# P&O ferry tickets - help needed



## dcummin (Jan 21, 2008)

Hi all

Planning a dover to calais crossing and as my motorhome is over 6.5 metres long the site says I have to book as frieight.

when I go on to the frieight section its asking me to fill in a credit application - dont understand, just want a crossing not a credit agreement

any help or advice really apppreciated

thanks

David


----------



## Rapide561 (Oct 1, 2005)

*P&O*

Hi

Good to www.poferries.com and then click on book.

Where you are asked for your dates, journey route etc, there is a drop down menu for a motorhome. You will then be asked for height and length.

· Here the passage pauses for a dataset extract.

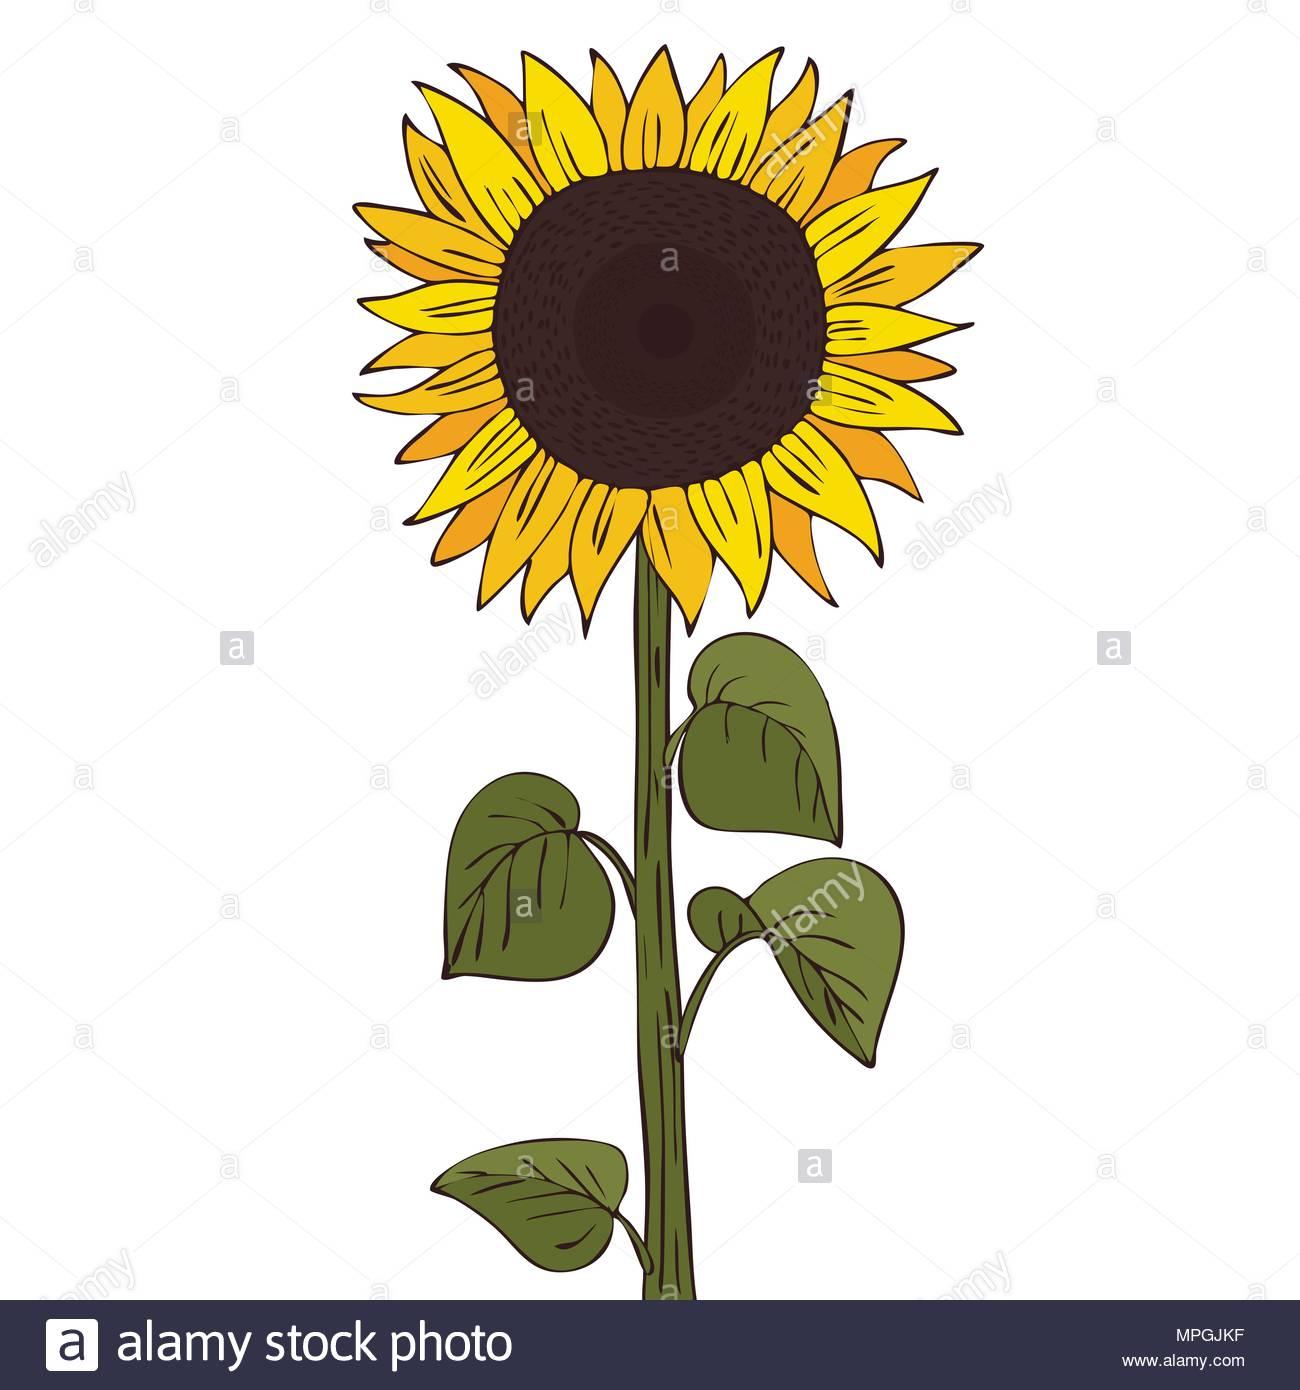 Cartoon Sunflower Stock Photos & Cartoon Sunflower Stock Images.

If you have any probs, phone on 01304 863000.

Russell


----------



## dcummin (Jan 21, 2008)

ahh - schoolboy error!

thanks for the help


----------



## autostratus (May 9, 2005)

dcummin said:


> Hi all
> 
> Planning a dover to calais crossing and as my motorhome is over 6.5 metres long the site says I have to book as frieight.
> 
> ...


Don't forget to check out the cost of the sailings using SeaFrance and the Motorhomefacts discount.
Check subscriber discounts for more info.


----------



## greenasthegrass (Oct 27, 2007)

Try the chunnel it ace!


----------



## 38Rover (Nov 9, 2006)

Came Callis Dover P&O in March £25 tunnel good I agree but £75 pays your money takes your choice

Colin


----------